We had this event after I finished my last deployment called a "reintegration event" which I found absolute tedium during the course of it, because it was just 8 hours of death by powerpoint.

But unless I think very specifically about that part, I overall say that I had an absolute blast because they put us up in a kickass hotel on the beach for a weekend and I got crazy drunk downtown with a bunch of my battle buddies, and then we all passed out in the hotel lobby and woke up 5 minutes before day 2 of the event, talking at our table the whole time about how awesome last night was and not really paying any attention to the presentation because we were too hungover to care.

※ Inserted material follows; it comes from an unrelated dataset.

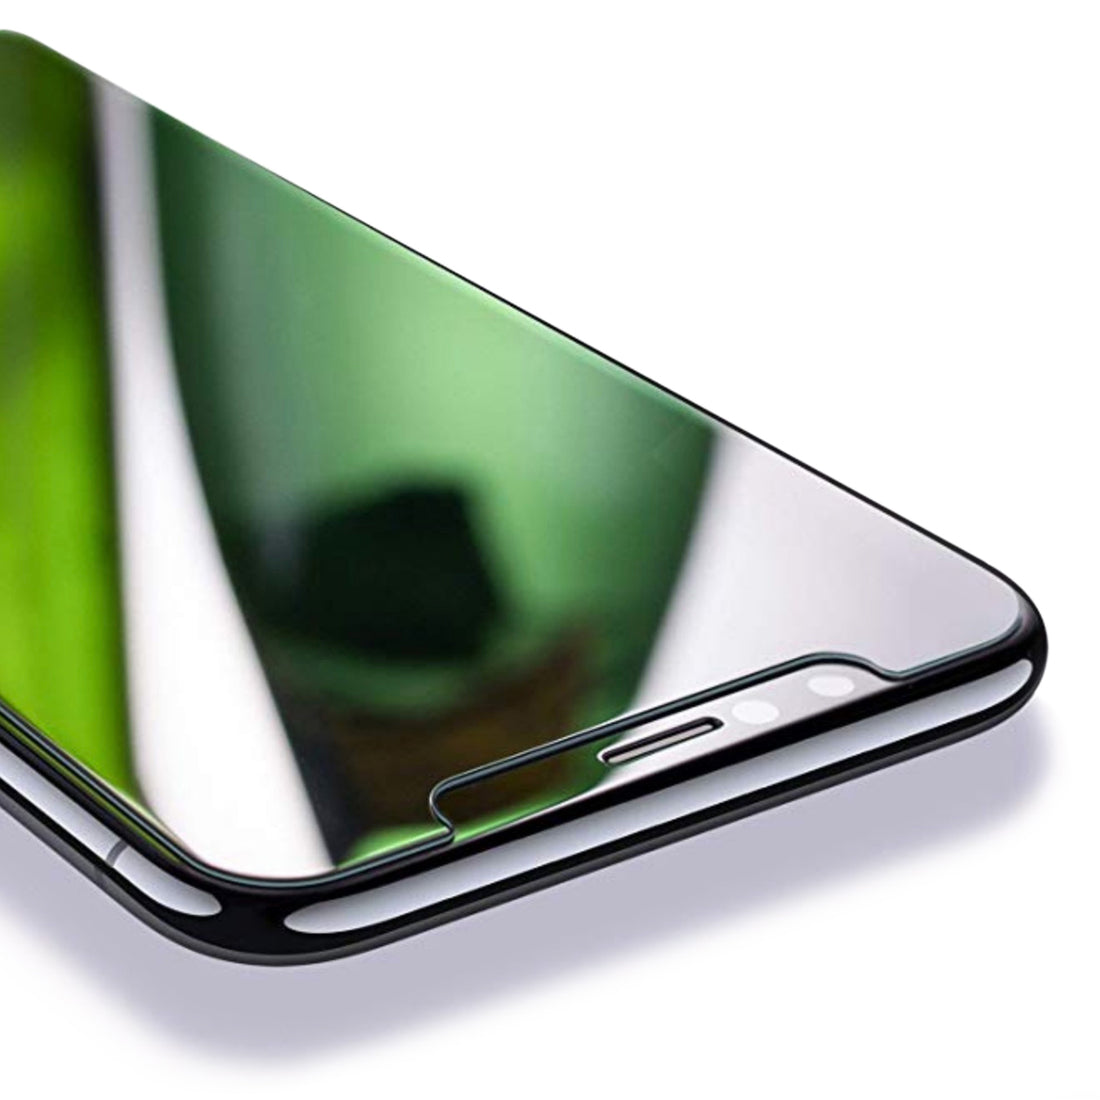 Power Theory Schutzfolie kompatibel mit iPhone 11/iPhone XR [2 Stück] - mit Schablone, Glas Folie, Displayschutzfolie, Schutzglas Preview #3

Brutal Be humane. from Be humane. Since: Jan, 2010
Be humane.
#20: Sep 29th 2010 at 8:00:36 AM

When we're experiencing the tedium, we hope that it's going to lead toward a great payoff. Even before we experience them, we're thinking about the good parts, from a certain point of view. So obviously, we're going to enjoy the experience as a whole.

Be humane.
ChristopherAlgoo Red Oni from New York City Since: Jan, 2001
Red Oni
#21: Oct 5th 2010 at 9:05:01 AM

Relevant - http://www.smbc-comics.com/index.php?db=comics&id=2020#comic

Those who accept their fate find happiness; those who defy it, glory.
Vree Since: Jan, 2001
#22: Oct 5th 2010 at 9:44:21 AM

This is true, but if it wasn't then you wouldn't be able to spend eight or more hours sitting at a job and waiting in a queue and doing housework each and every day. You'd be some sort of hedonist who chases after exciting experiences and never does anything productive.

Cheer up! Boring is not bad! And if you have exciting parts from it to remember, you've got the best of both worlds!